━━━━━ Data ━━━━━

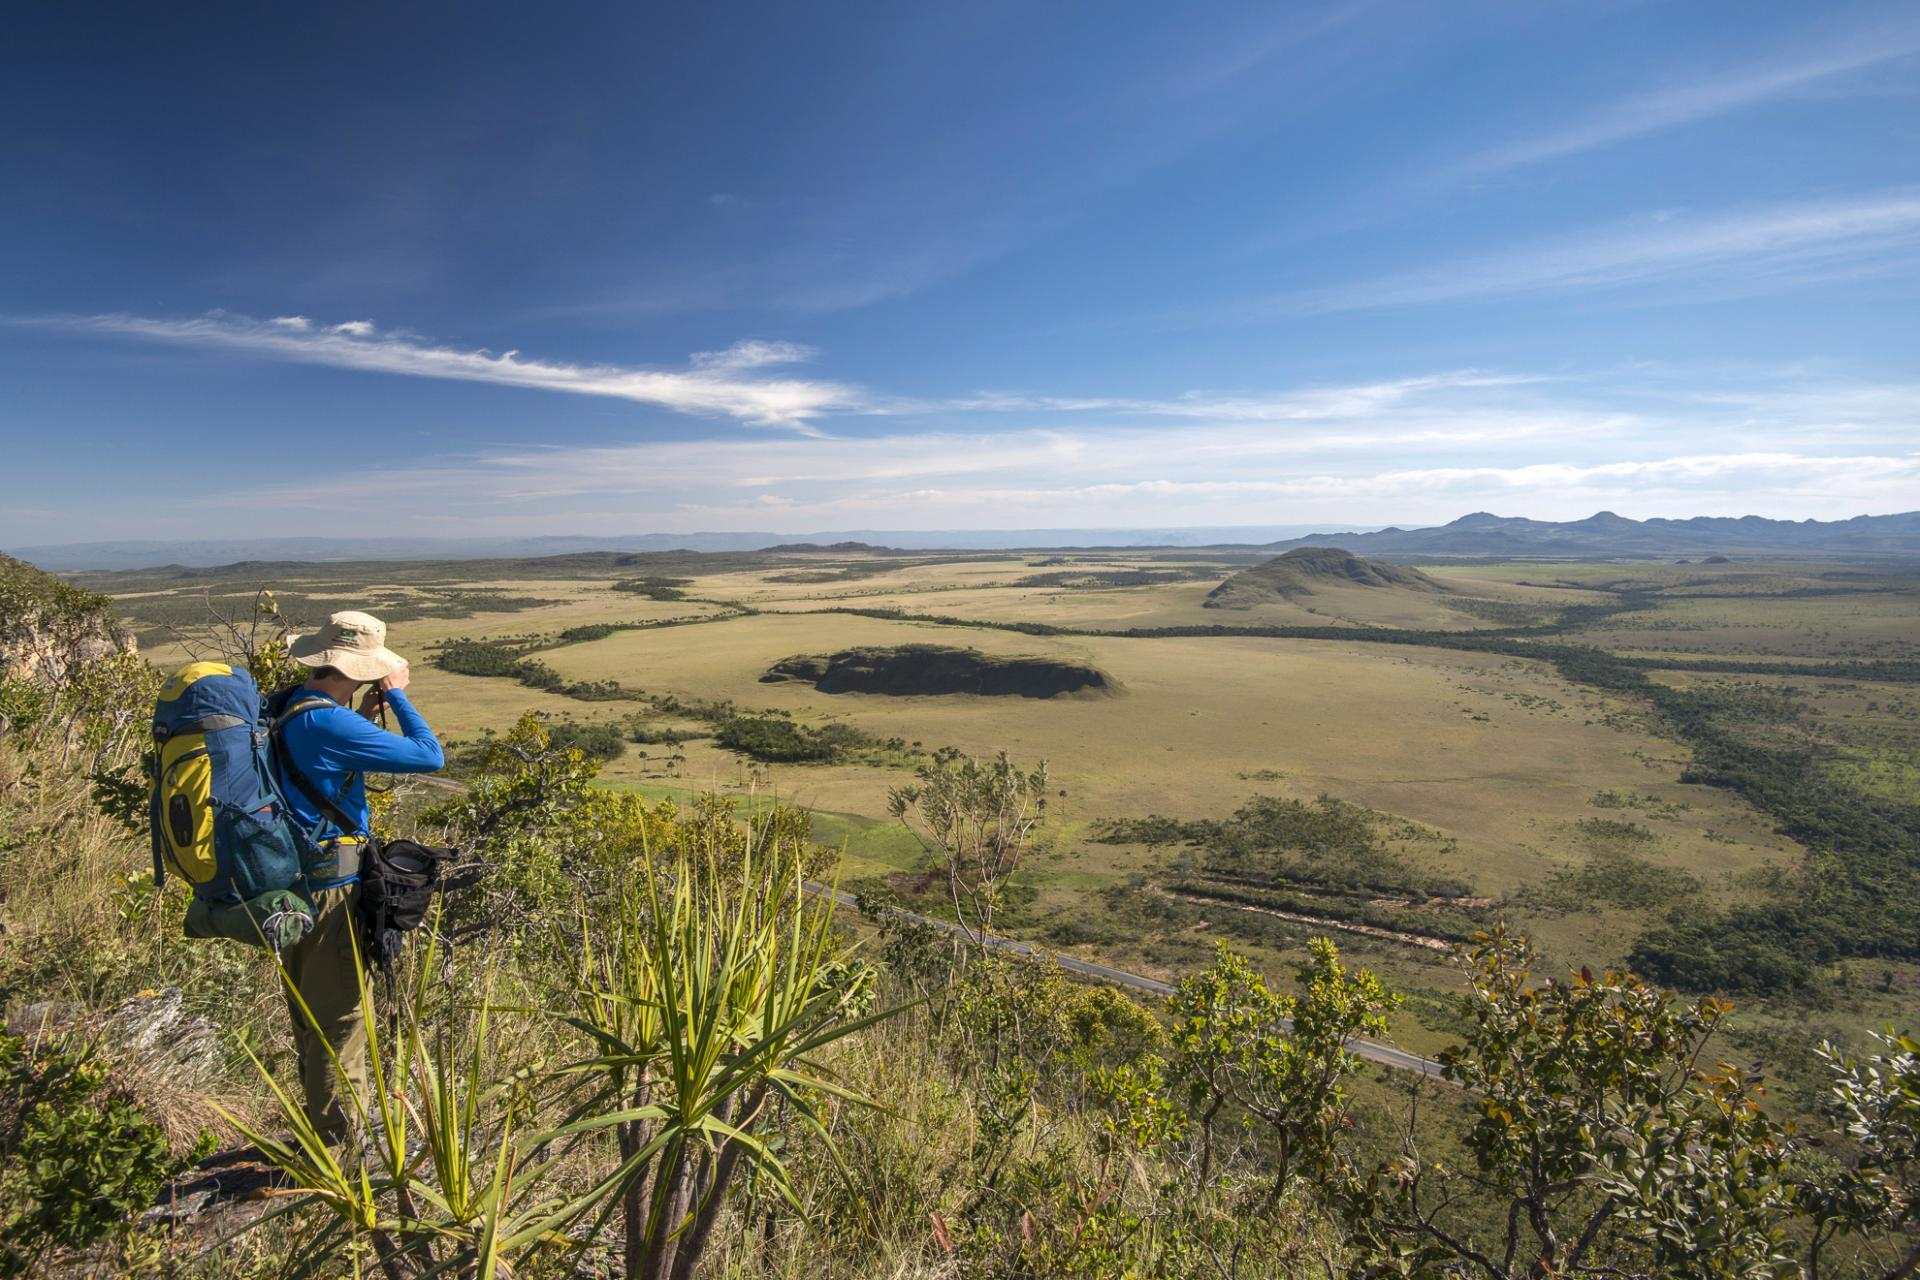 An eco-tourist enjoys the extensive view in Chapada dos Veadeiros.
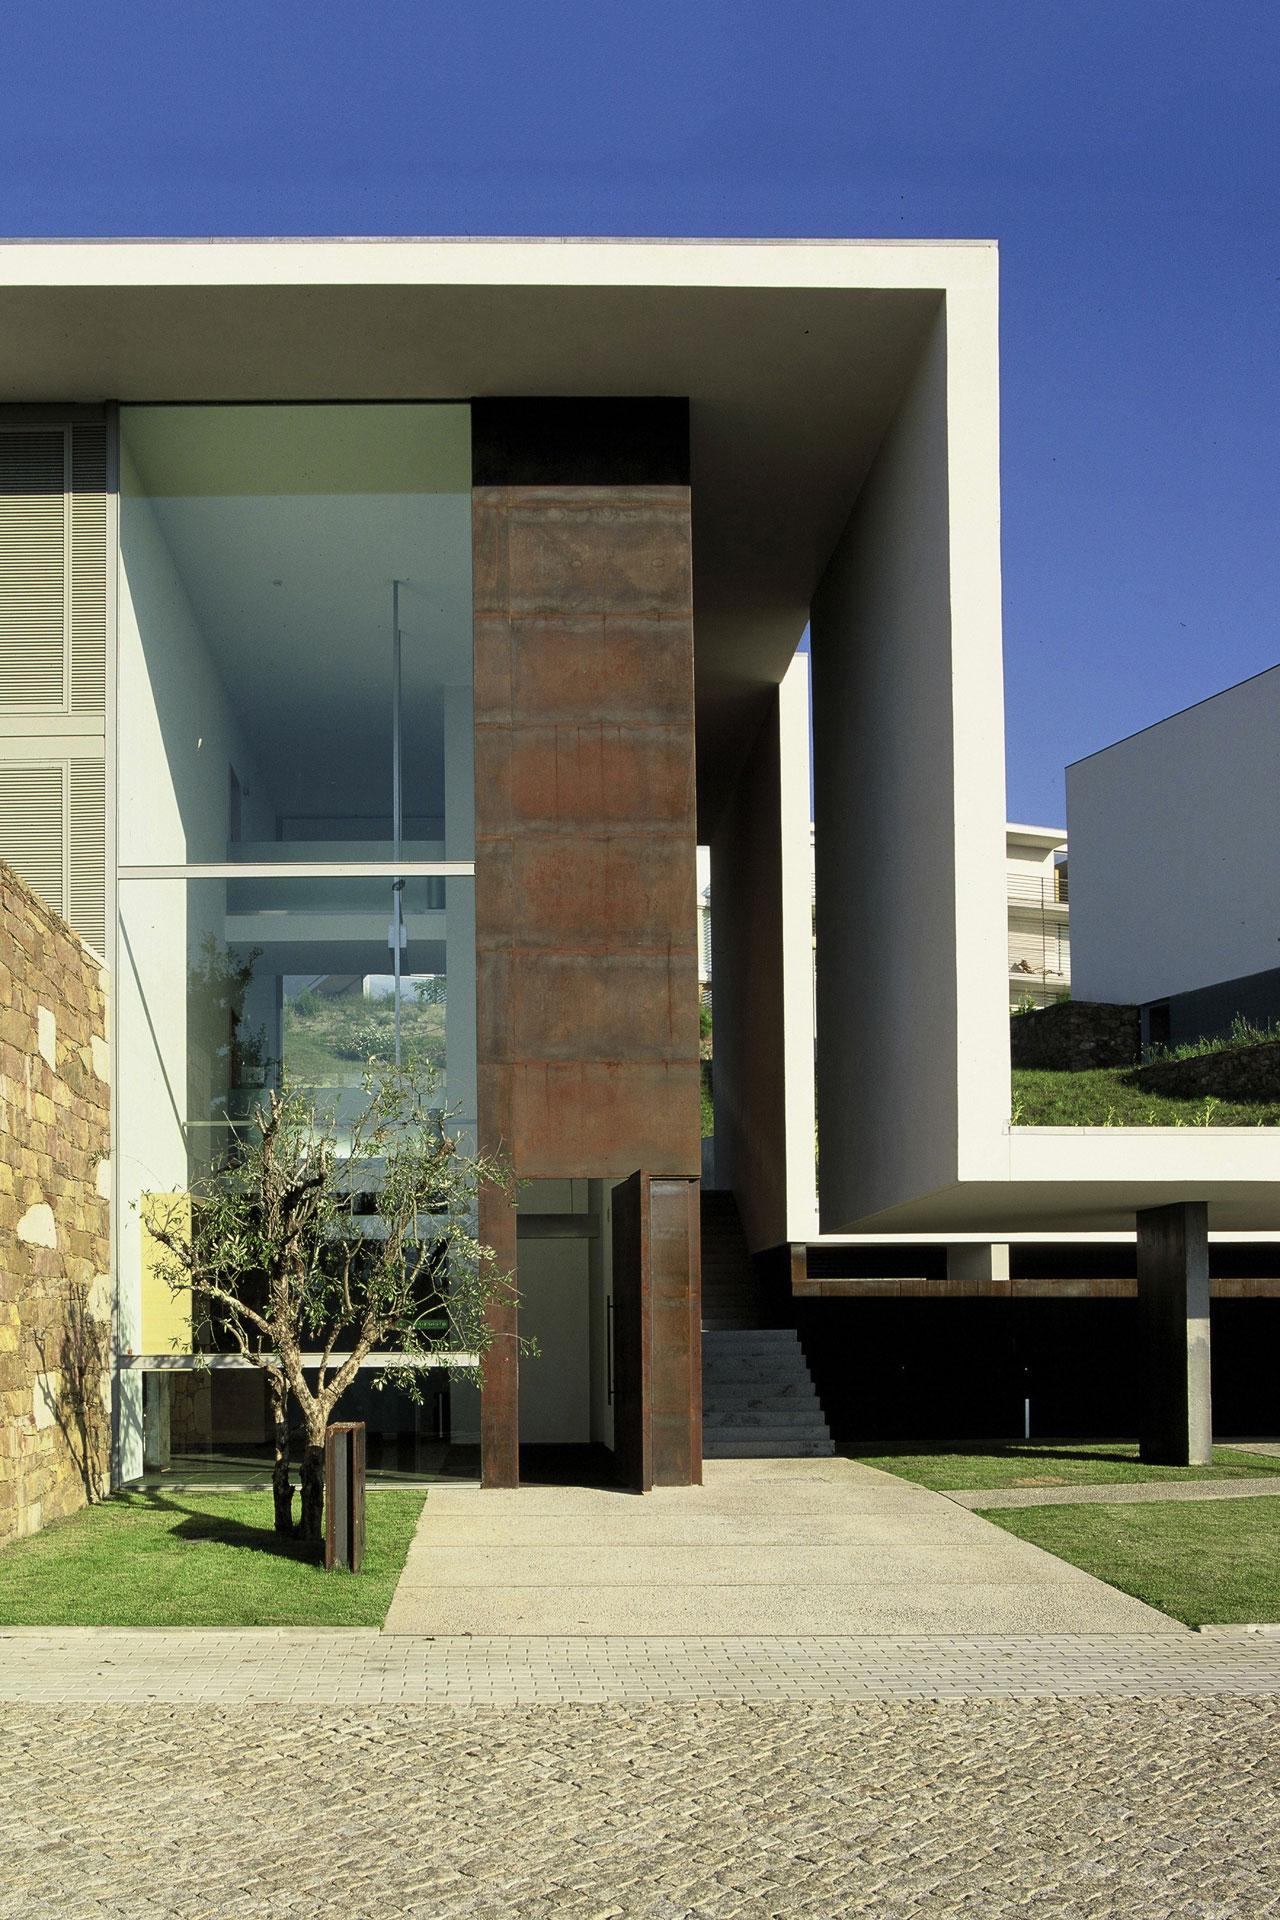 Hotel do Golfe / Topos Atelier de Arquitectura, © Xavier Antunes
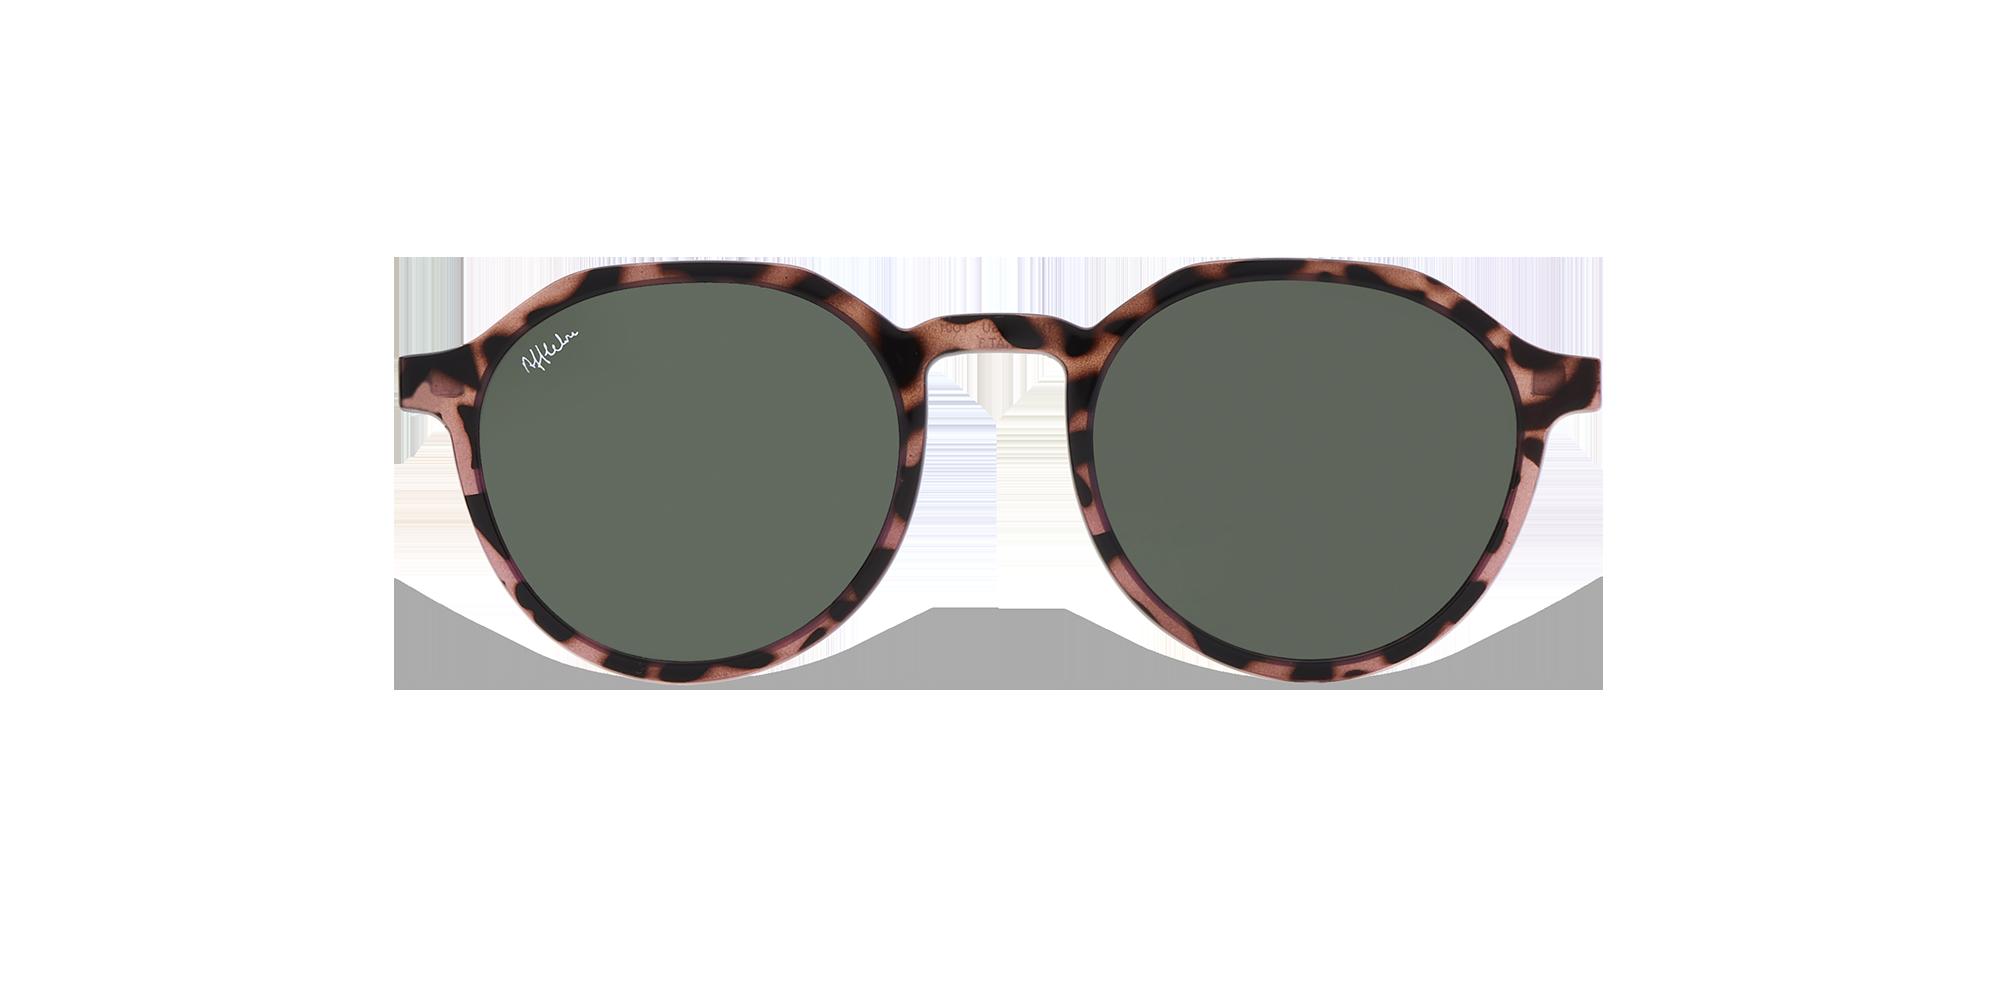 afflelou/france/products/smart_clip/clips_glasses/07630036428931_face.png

━━━━━

*What to produce*: Write the listing above out again exactly, but not the images it holds.

*Exercise solution*:
 An eco-tourist enjoys the extensive view in Chapada dos Veadeiros.
 Hotel do Golfe / Topos Atelier de Arquitectura, © Xavier Antunes
 afflelou/france/products/smart_clip/clips_glasses/07630036428931_face.png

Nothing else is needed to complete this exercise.